For tissue harmonic imaging, the spectrum of a transducer is typically divided into two sub-bands: one for transmission and another for harmonic reception. This causes lowering the axial resolution of both fundamental and harmonic images. Additionally, the complete separation of fundamental and harmonic signals is very challenging because their spectra are overlapped although pulse inversion and nonlinear chirp excitation can be used to overcome the problem partially [
31,
32,
33]. Given these facts, the wide spectral bandwidth of a transducer is essential for high quality tissue harmonic imaging. However, it is practically impossible to construct a transducer with a broad bandwidth enough to carry out the third harmonic imaging of tissue. This is especially true for IVUS transducers because of their high operating frequency and limited selection of backing and acoustic matching materials due to the structural restriction. Even if possible, a severe degradation of spatial resolution is inevitable because the bandwidth should be divided into three sub-bands. As shown in
Figure 13, the developed dual-element focused transducer can solve those problems. For ultrasound transmission, the full bandwidth of the 35-MHz element can be exploited, so that no degradation of spatial resolution occurs in fundamental images. This full-bandwidth signal contributes to the generation of the third harmonic, which is received by the 105-MHz element without (or at a minimum) loss of the harmonic information.
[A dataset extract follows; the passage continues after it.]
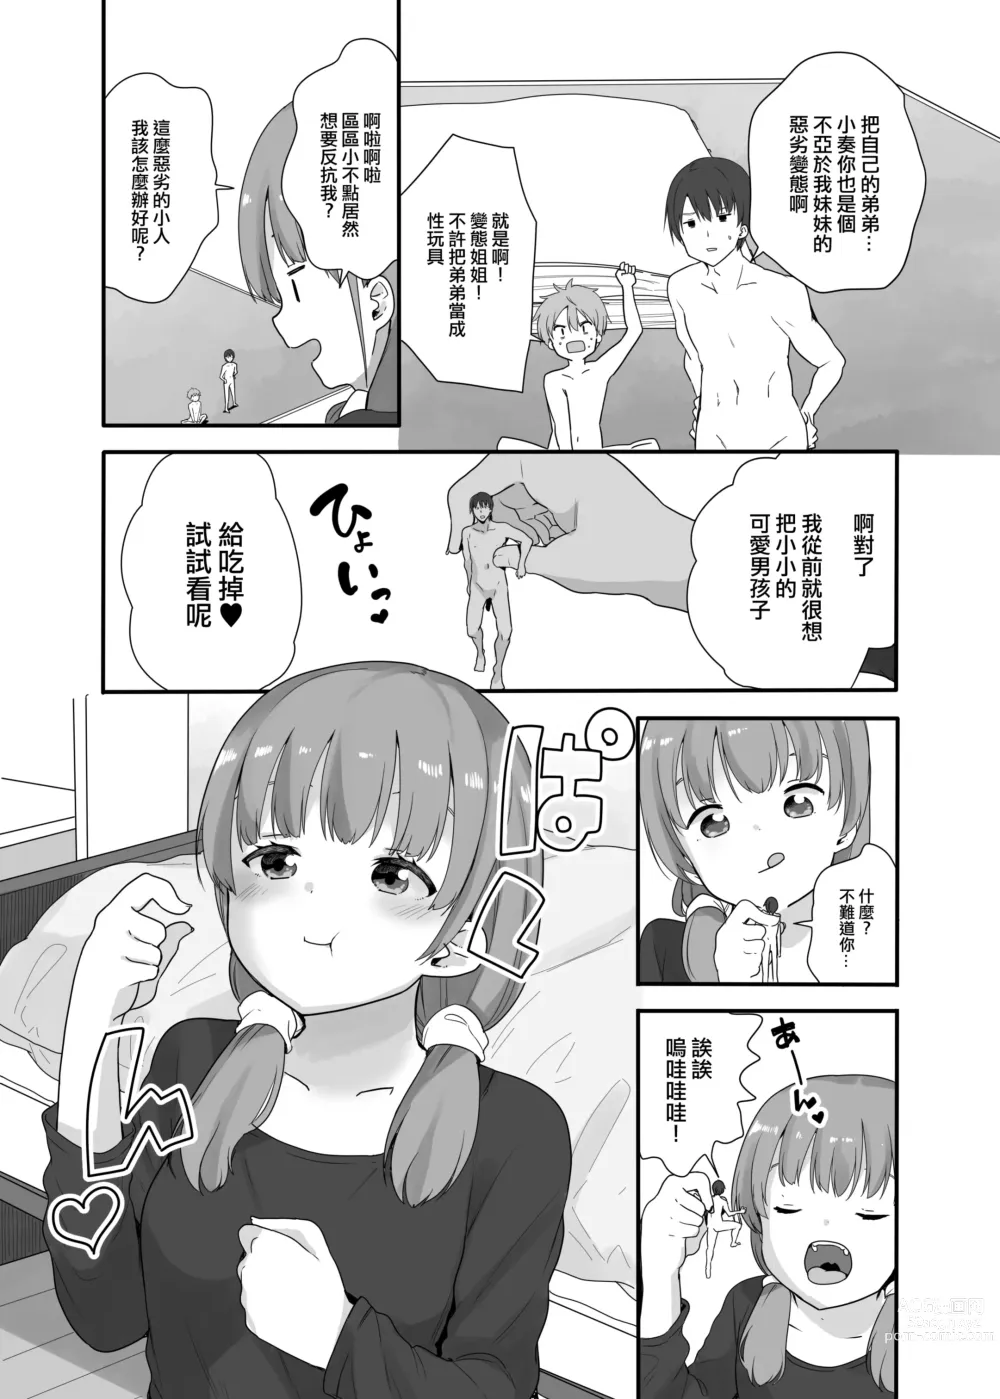 Page 7 of doujinshi Little Sister With Grande Everyday 3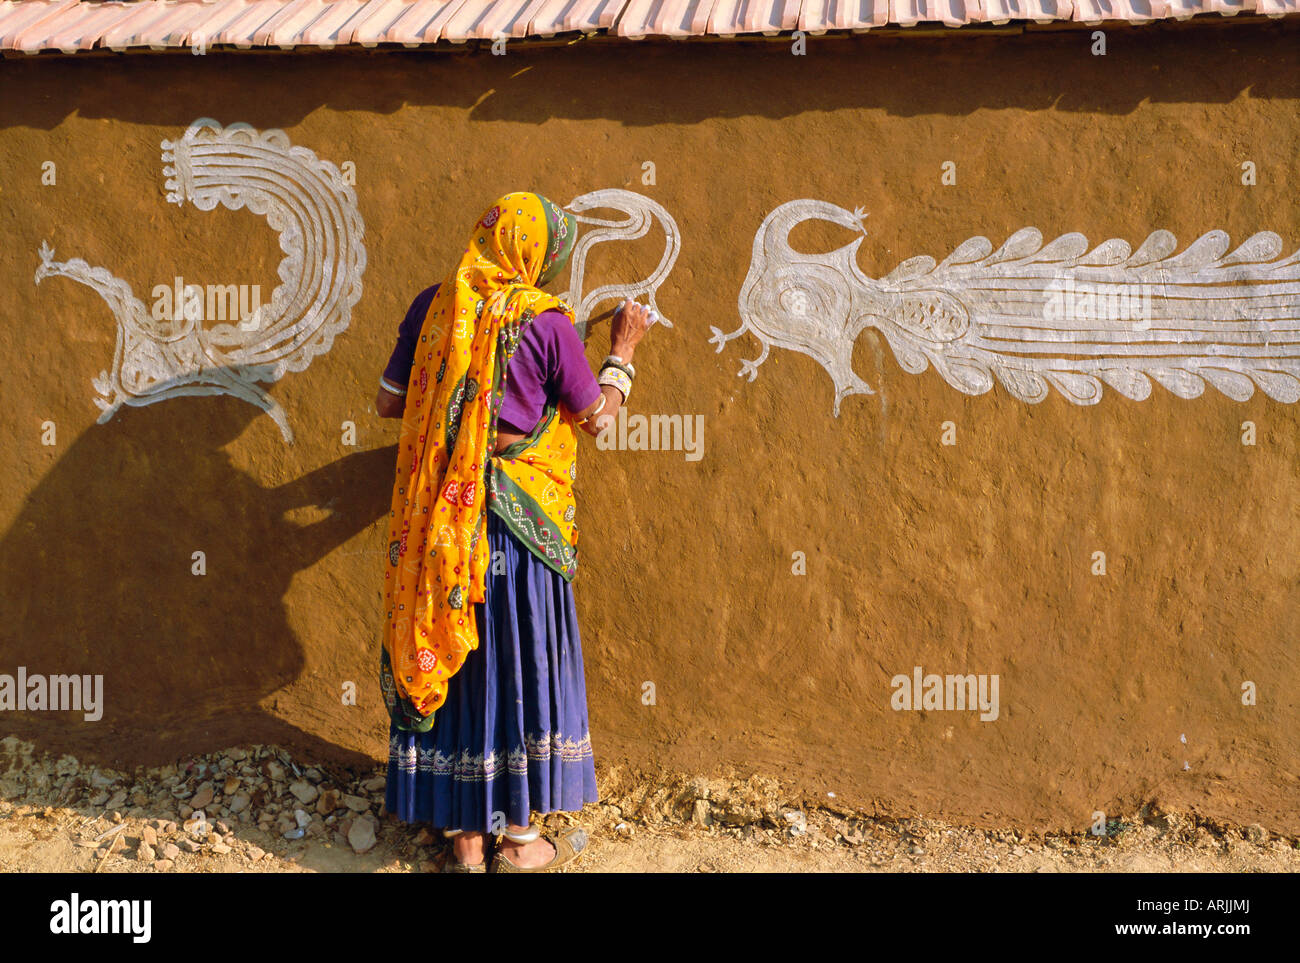 Woman decorating her house with traditional local designs, Tonk region, Rajasthan, India, Asia Stock Photo

Note that the frequency spectral characteristics of the 105-MHz element is similar to a band-pass filter, so that the signal separation is not necessary. Another advantage of the developed transducer is the simultaneous acquisition of co-registered 35- and 105-MHz fundamental images, which enables us to examine the overall morphological change of blood vessels and the near vessel layers such as fibrous cap with high spatial resolution at the same time if necessary.